I can't remember a movie in the past couple months I've been more pumped to see than Session 9. I thought Brad Anderson's follow-up to this, The Machinist (aka OMG Christian Bale is really skinny") was great, and from the hype I read on Netflix, IMDB and some "Greatest Horror Movie Lines" forum I can't remember the name of, I was convinced Session 9 was going to be even better. It wasn't. Pretty close, though.

While I was watching this movie, I started getting this feeling that the director in a way had a great horror movie before he even started shooting. I mean, he wrote a script about 5 men slowly going crazy while working in a creepy, old, and HUGE, abandoned mental institutition, without any special effects. His budget could be really low. He's working with a really small and manageable cast and crew. And he's been given access to shoot anywhere he wants in this old, scary ass building. That's about as ideal a scenario as I can think of. There's no possible way he could fuck this up. Is there? Maybe. But anyway, he doesn't.

At times, Session 9 was a nearly perfect psychological horror film, loaded with tingling atmosphere, dialogue, and visuals. Here are photos of Danvers State Asylum, where the movie was shot:



Chilling. Bleak. Damp. I could practically smell the mold as I watched.

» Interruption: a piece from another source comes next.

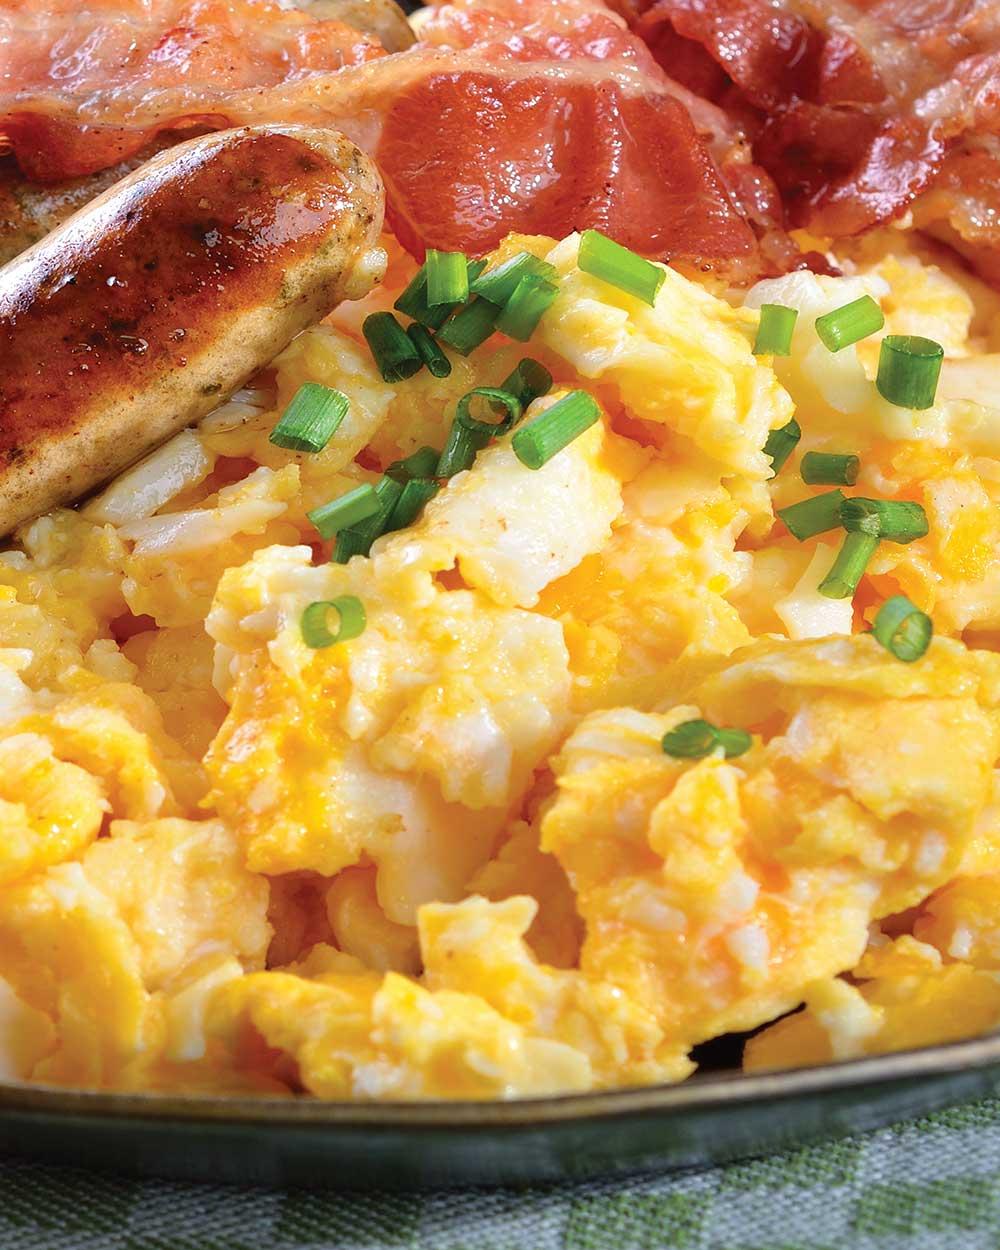 Cheesy Onion & Avocado Scrambled Eggs

Gently paced and intelligently constructed nearly the whole way. But at times, it seemed to get a little confused as to what direction it wanted to lead the audience, especially toward the end, which was the only real disappointment. Although glacially paced at first, it was never boring. It builds as things get weirder and weirder until the slasher-movie finale, where everything's explained to be deceptively obvious.

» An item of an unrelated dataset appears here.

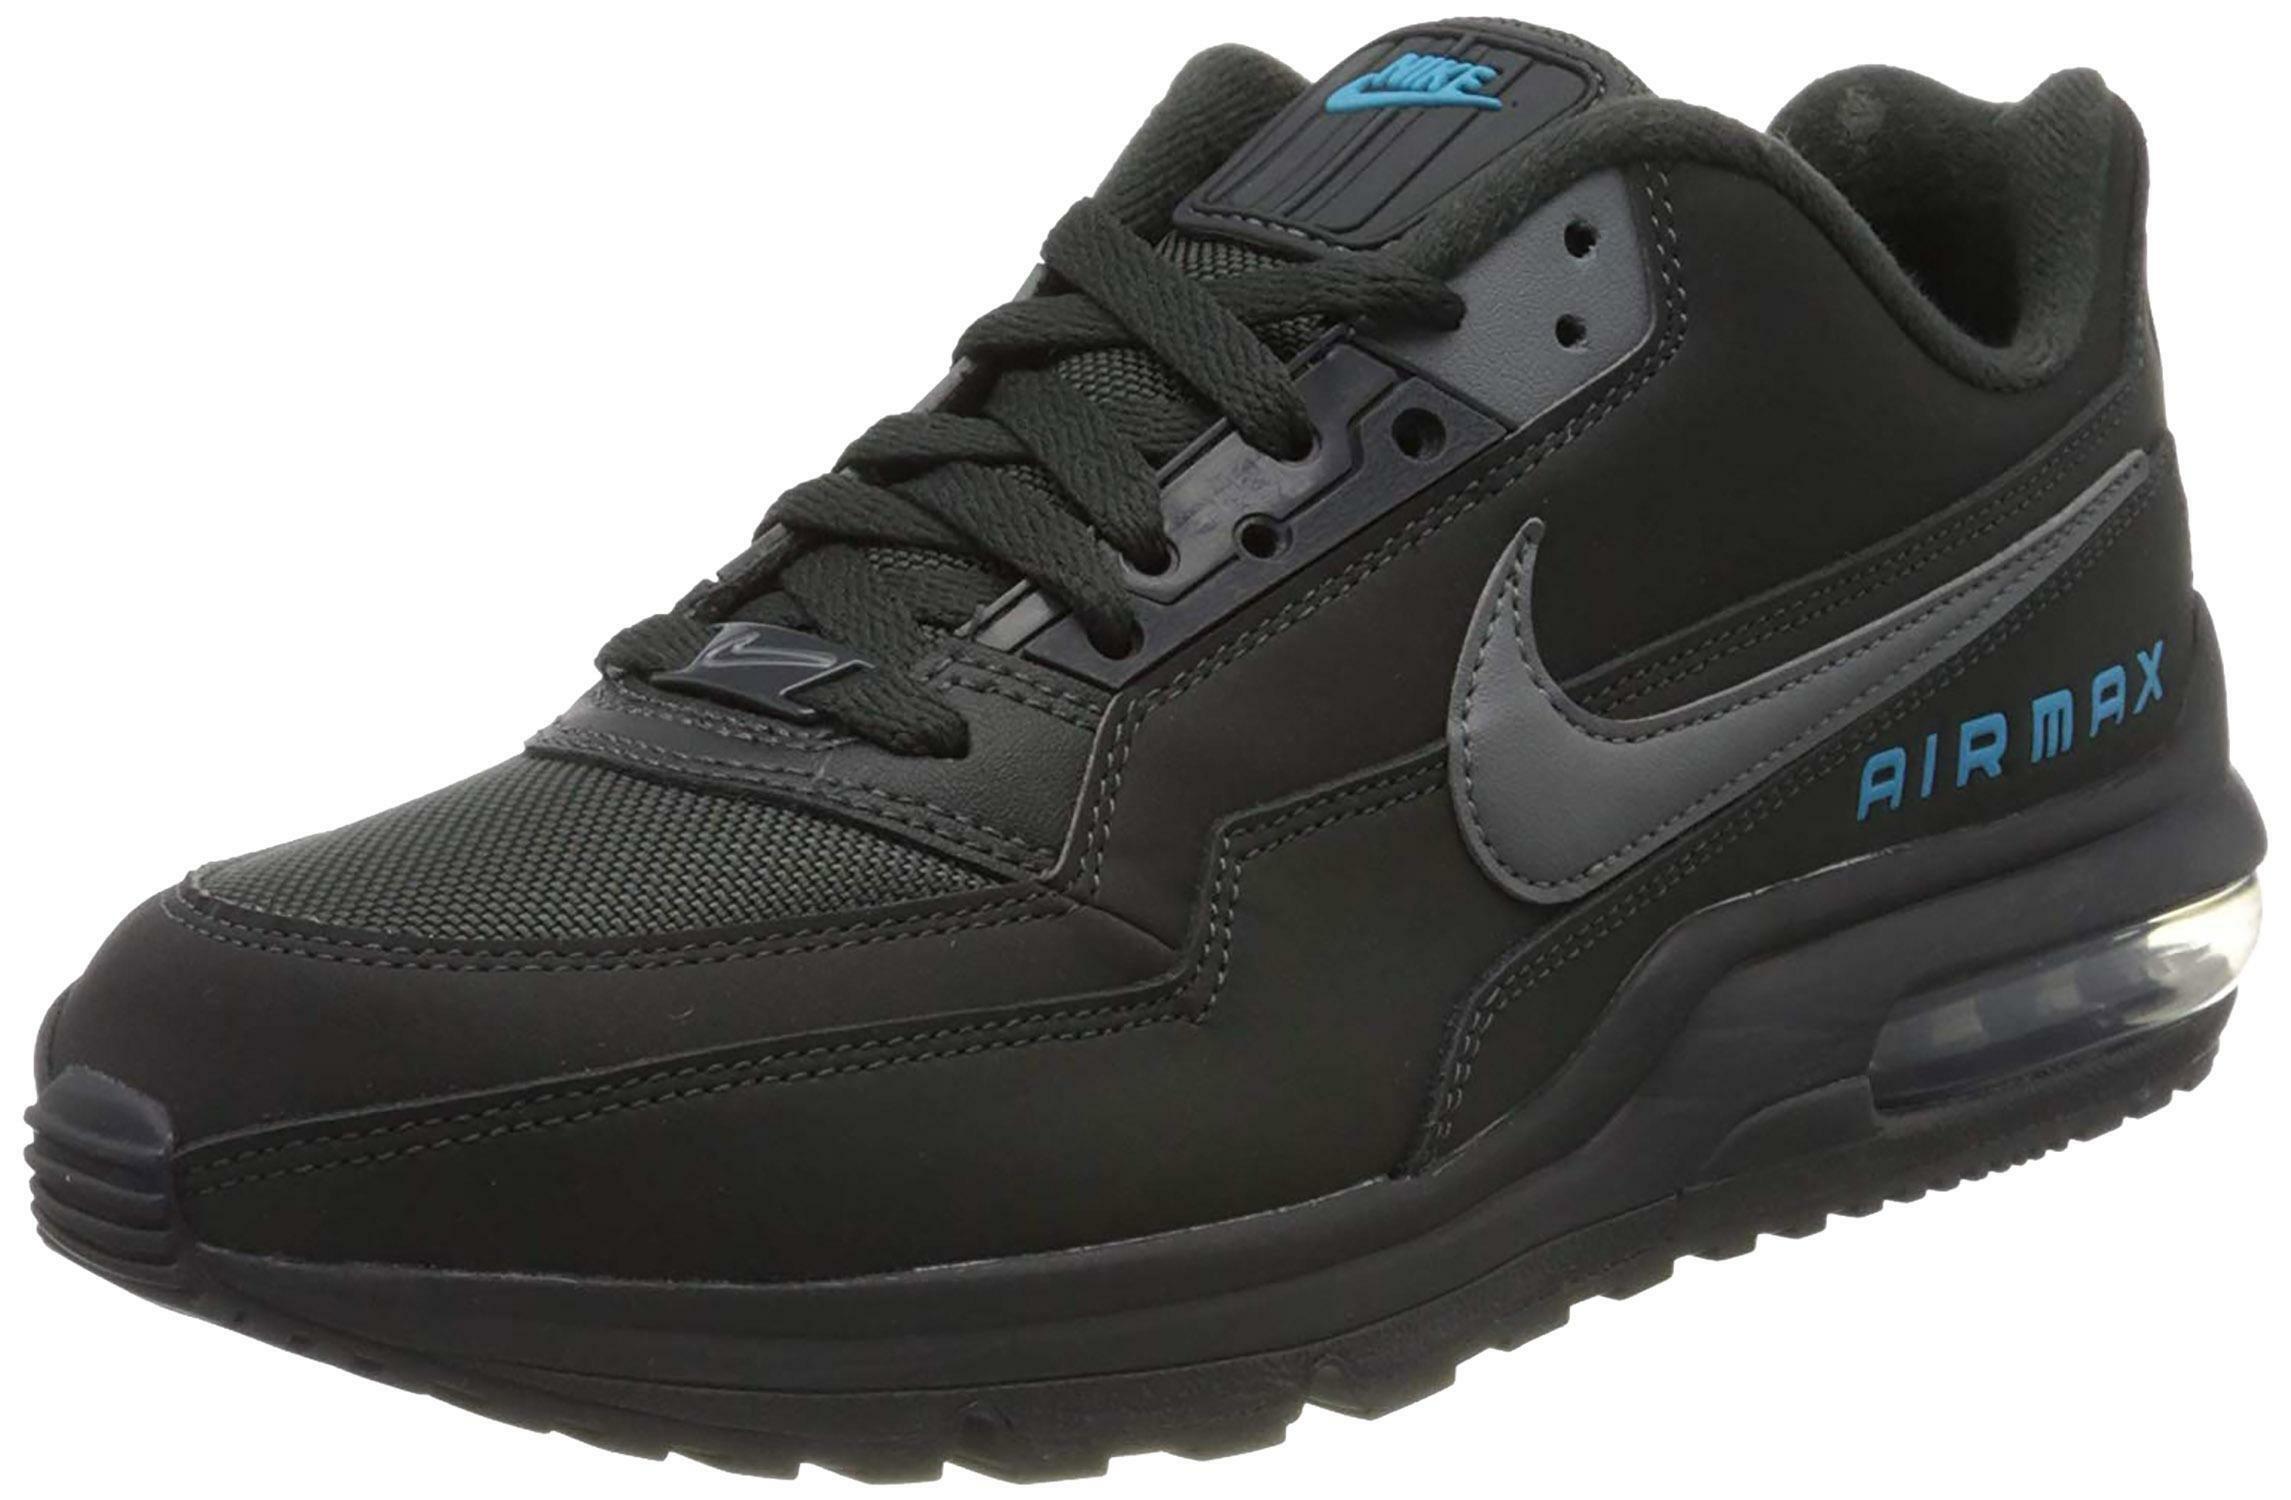 Nike air max ltd 3 scarpe sportive uomo nere ct2275002

The story is simple. 5 men arrive at the abandonded Danvers State Insane Asylum for a 5-day asbestos removal job. The leader of the team, Gordon (Peter Mullan), is under the emotional and financial stress of running a small company with a newborn daughter at home, so he agrees to do the job in a week because he desperately needs the money, even though his partner Phil (David Caruso) warns that it will take 3 weeks. As Gordon tours the asylum with the groundskeeper to get the scoop on the place (echoing The Shining here big time), he notices a lone wheelchair sitting in an infinitely long hallway, and a suddenly a voice that would make Hannibal Lector shit his pants, welcomes him, "Hello...Gordon." He shakes it off and the men get to work. The ridiculous deadline, coupled with a slowly growing malevolent presence in the building, strains the 5 men, bringing out their own fears and pitting them against each other. A series of taped interviews with a former patient, labeled Session 1-9, is discovered and played, and tells the story of a deeply disturbed woman whose split personality, Simon (the voice Gordon hears), told her to murder as a young girl.

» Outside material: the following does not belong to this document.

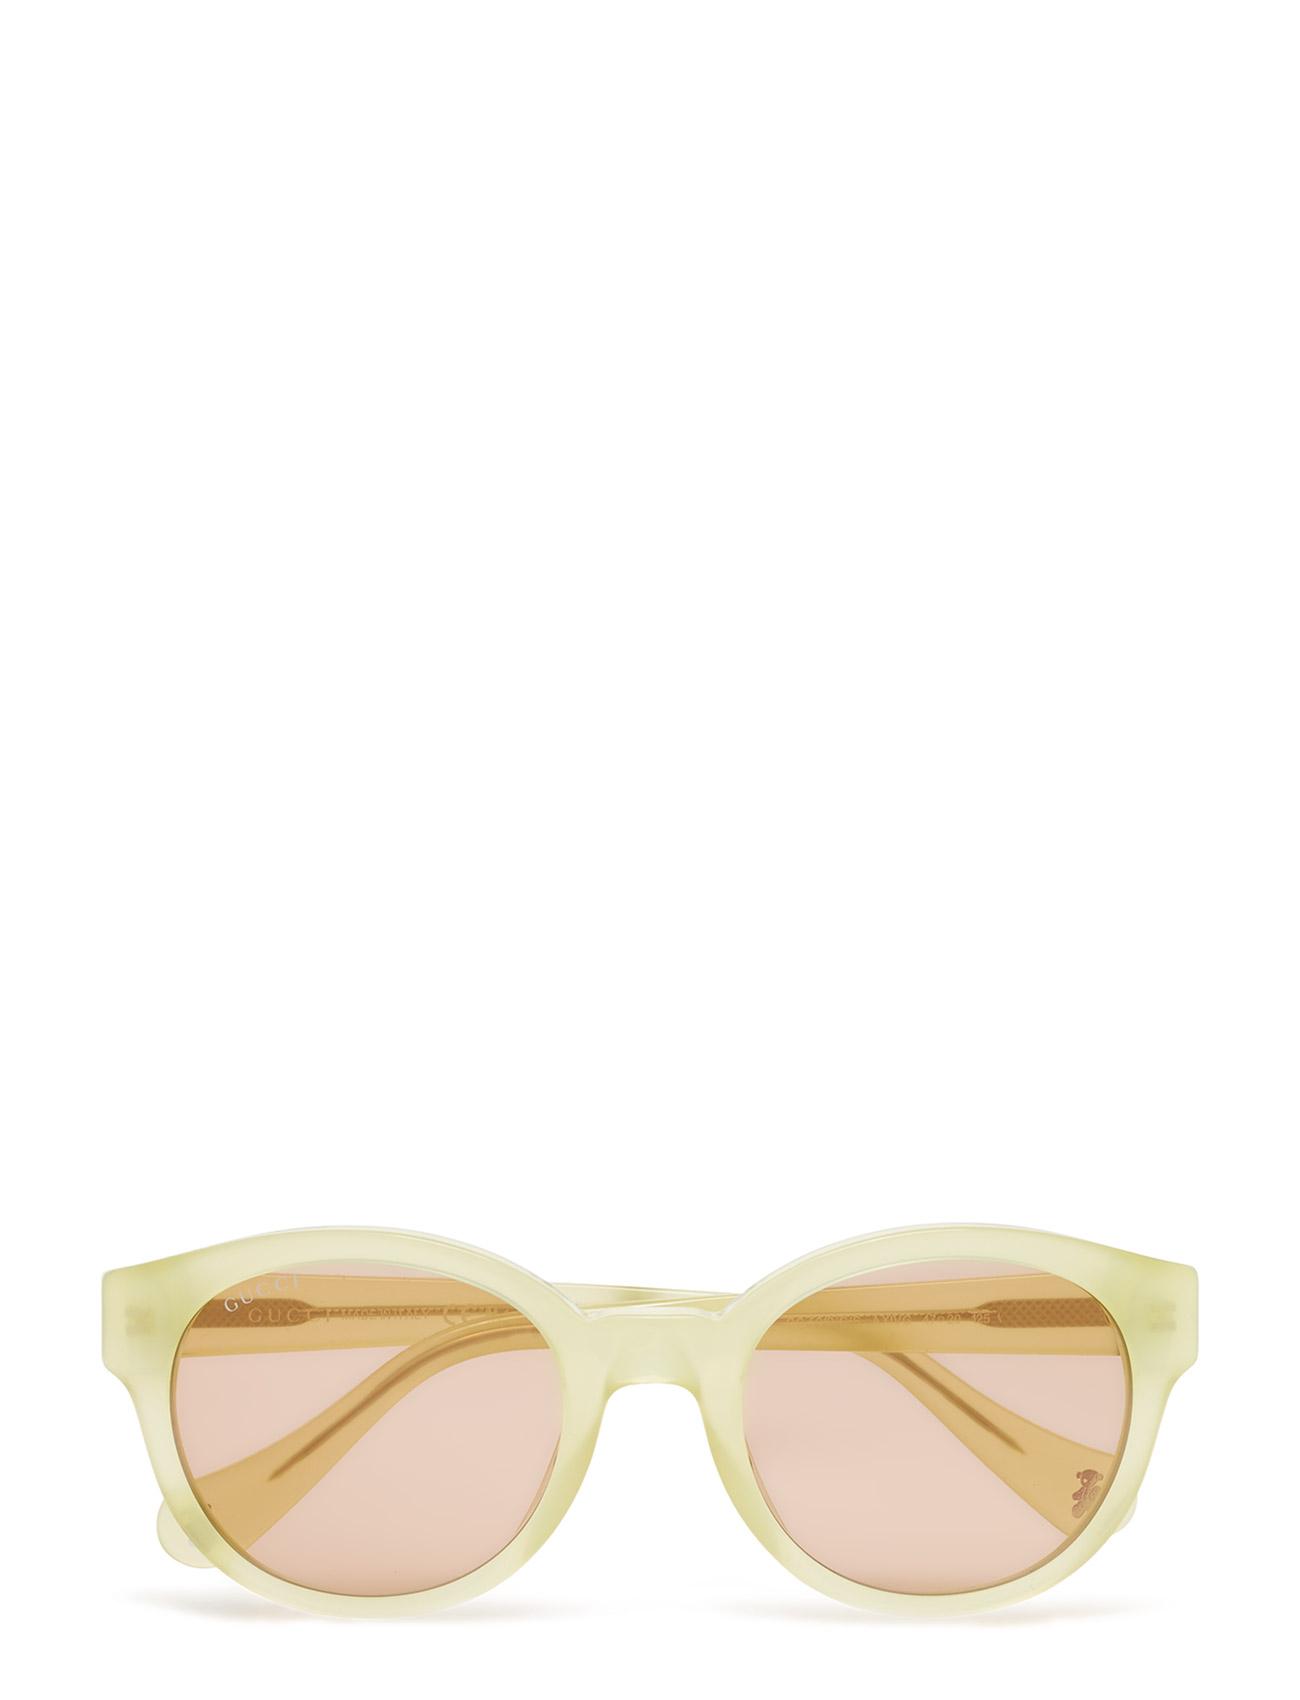 gucci sunglasses Gg5010/c/s på boozt.com dk

The interviews are played throughout the film underneath the unnervingly quiet visuals, giving us clues, as the camera stalks down hallways, isolation chambers, and finally, the bloody corpses of the men as the building's truth is revealed.

Until the weak ending, the shocks are real and never feel cheap. The horror is never shown explicitly, only felt. One character, Hank, discovers a cache of gold coins hidden in a wall in the basement of the asylum, and as he starts to head back upstairs to join the others, he realizes he's not alone. Anderson does the suspense here perfectly. There's no music, only heavy breathing. And as Hank turns through the pitch black corridors, the steadicam shows us his point of view. He raises the flashlight towards the tunnel behind him and we see a dark figure at the other end, moving toward us. He freaks and starts running, tripping, and looking every which way. He turns a corner and Oh Shit! Of course something bad is there. It's all typical horror chase stuff, but it's just done SO WELL. There's also a bravura shot, I swear it blew me away, where the generator they're using to power the lights while they work, suddenly dies. Mullet-headed Jeff is afraid of the dark ("I got nyctophobia") and gets caught in the basement. As the lights that line the hallway go out one by one, he tries in vain to outrun the darkness that envelopes him, screaming. Hank disappears and is later found by Phil in the basement, in another great disturbing scene, severely shaken, hidden in the corner, and clad only in his undies.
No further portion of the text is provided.